Mr. Coyote states that on December 13th he received of Defendant via parcel post one Acme Rocket Sled. The intention of Mr. Coyote was to use the Rocket sled to aid him in pursuit of his prey. Upon receipt of the Rocket Sled, Mr. Coyote removed it from its wooden shipping crate and, sighting his prey in the distance, activated the ignition. As Mr. Coyote gripped the handlebars, the Rocket Sled accelerated with such sudden and precipitate force as to stretch Mr. Coyote's forelimbs to a length of fifty feet. Subsequently, the rest of Mr. Coyote's body shot forward with a violent jolt, causing severe strain to his back and neck and placing him unexpectedly astride the Rocket Sled. Disappearing over the horizon at such speed as to leave a diminishing jet trail along its path, the Rocket Sled soon brought Mr. Coyote abreast of his prey. At that moment the animal he was pursuing veered sharply to the right. Mr. Coyote vigorously attempted to follow this maneuver but was unable to, due to poorly designed steering on the Rocket Sled and a faulty or nonexistent braking system.

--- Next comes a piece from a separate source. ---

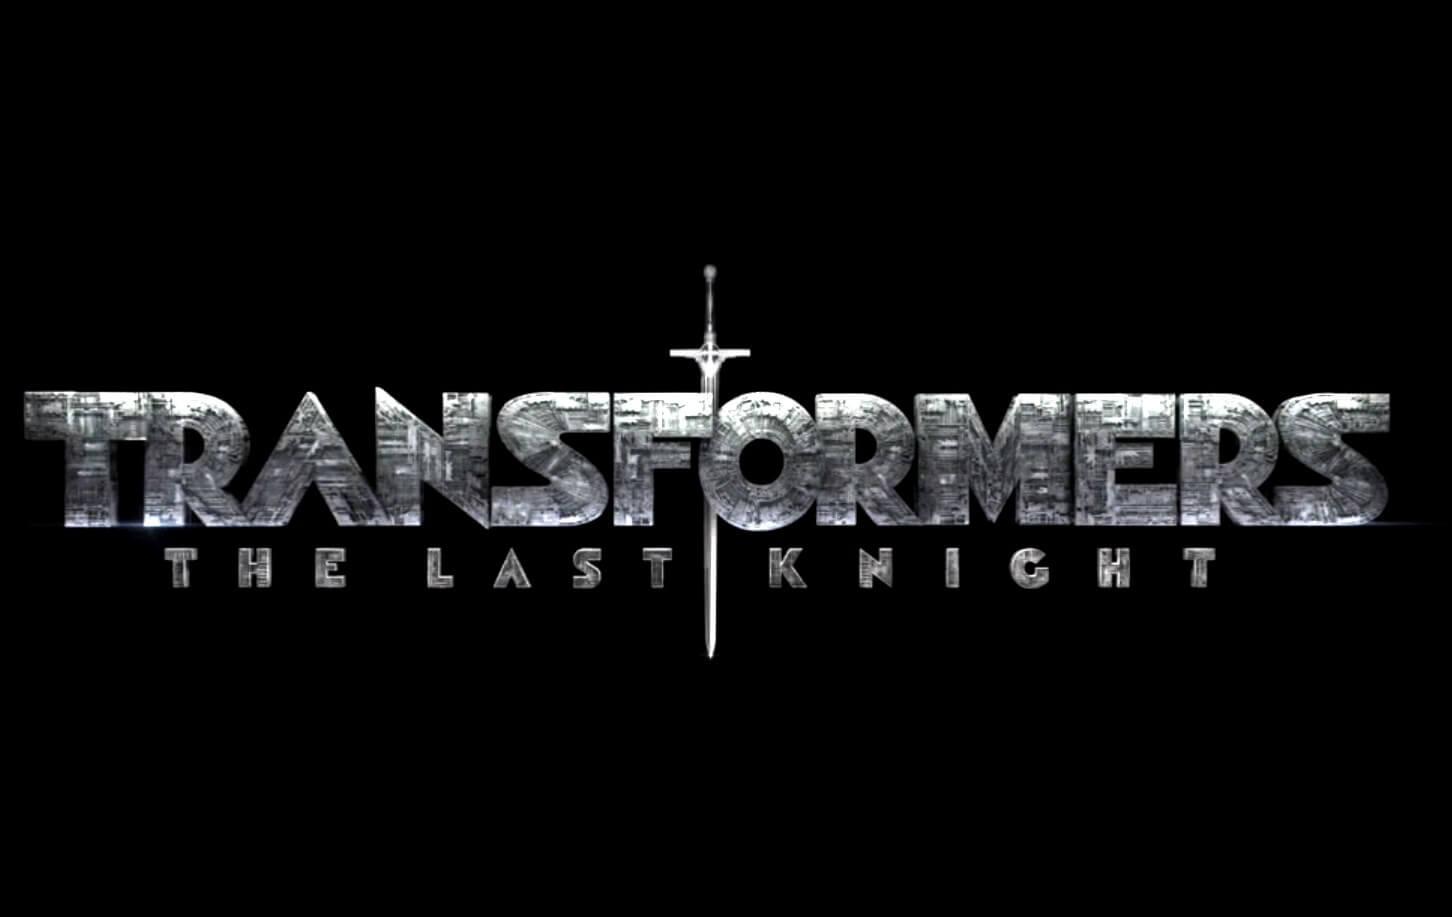 Yeni Transformers filmi açıklandı: Transformers: The Last Knight! 1
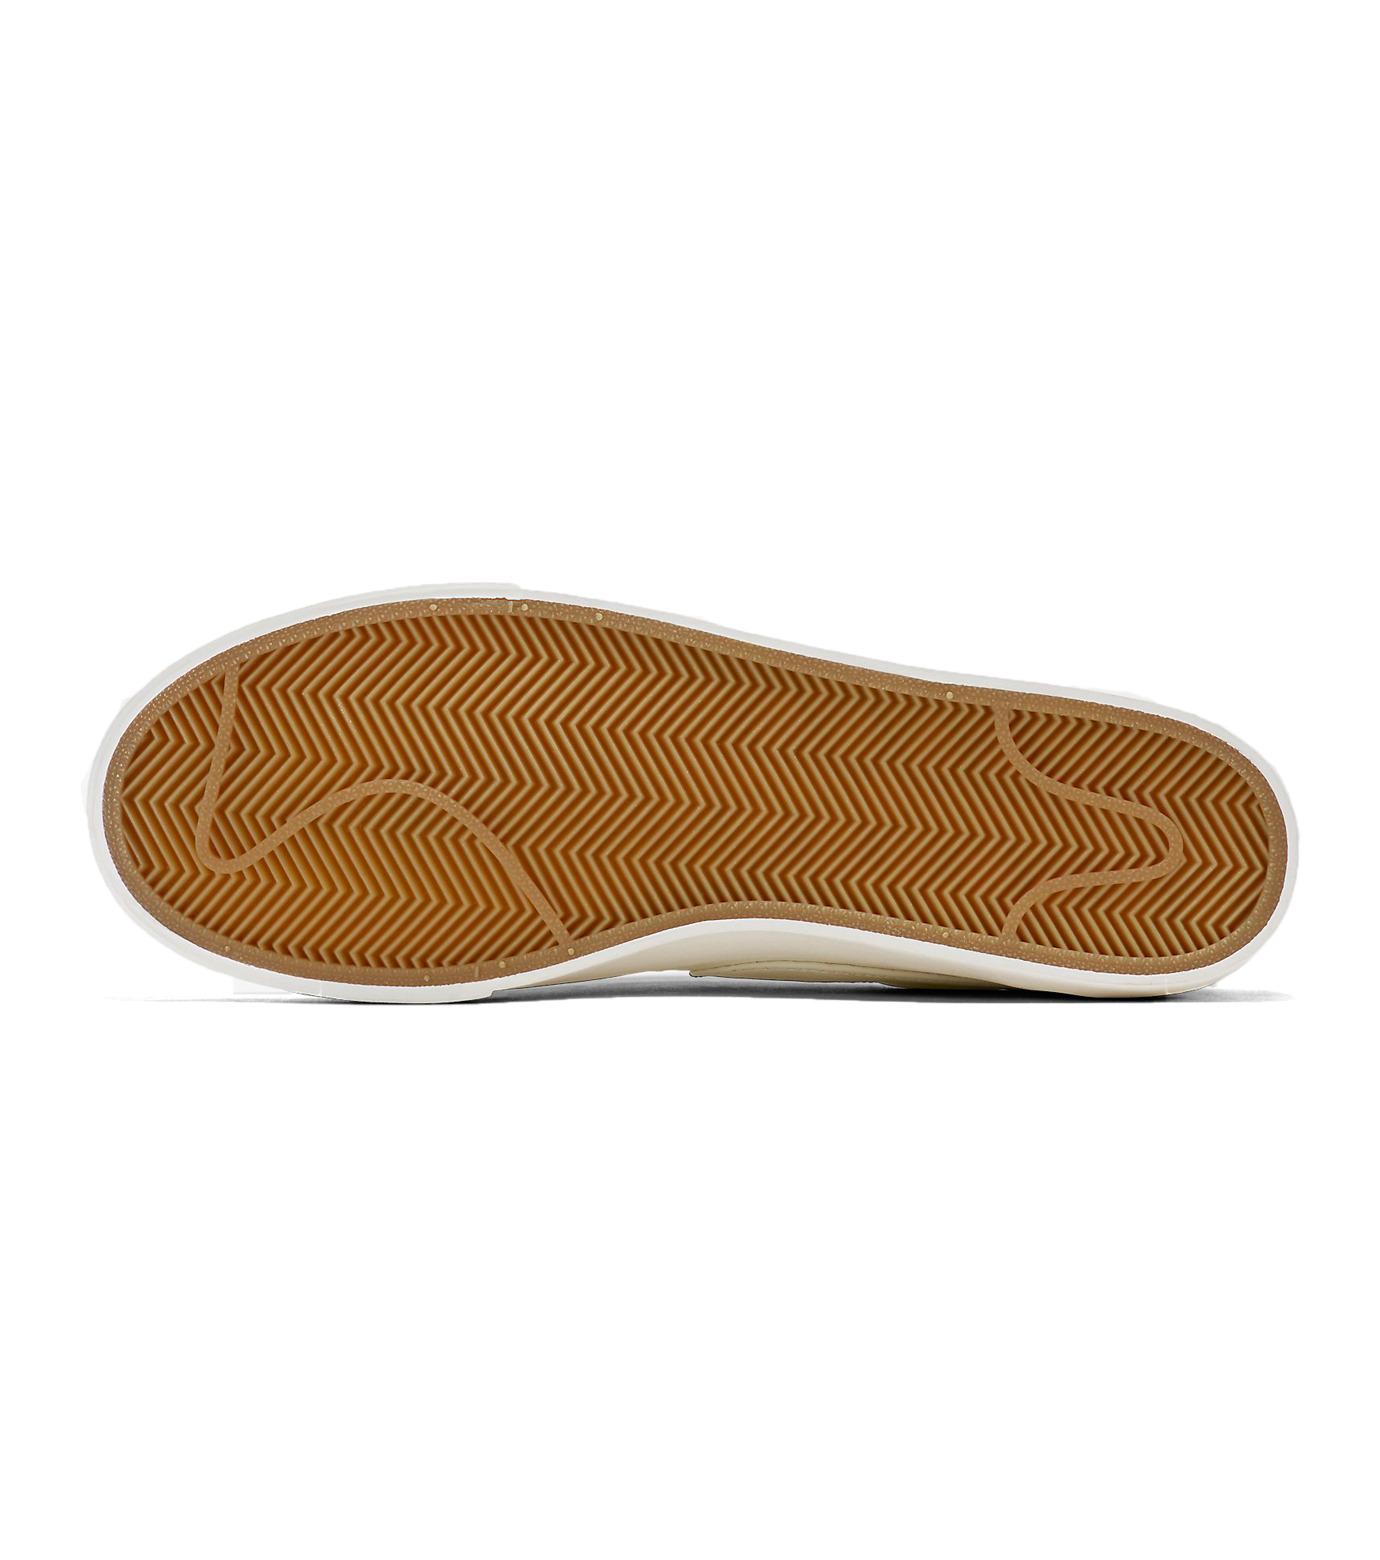 NIKE(ナイキ)のBLAZER STUDIO LOW-WHITE(シューズ/shoes)-904804-100-4 拡大詳細画像2

Shortly thereafter, the unchecked progress of the Rocket Sled brought it and Mr. Coyote into collision with the side of a mesa.

Paragraph One of the Report of Attending Physician (Exhibit B), prepared by Dr. Ernest Grosscup, M.D., D.O., details the multiple fractures, contusions, and tissue damage suffered by Mr. Coyote as a result of this collision. Repair of the injuries required a full bandage around the head (excluding
the ears), a neck brace, and full or partial casts on all four legs.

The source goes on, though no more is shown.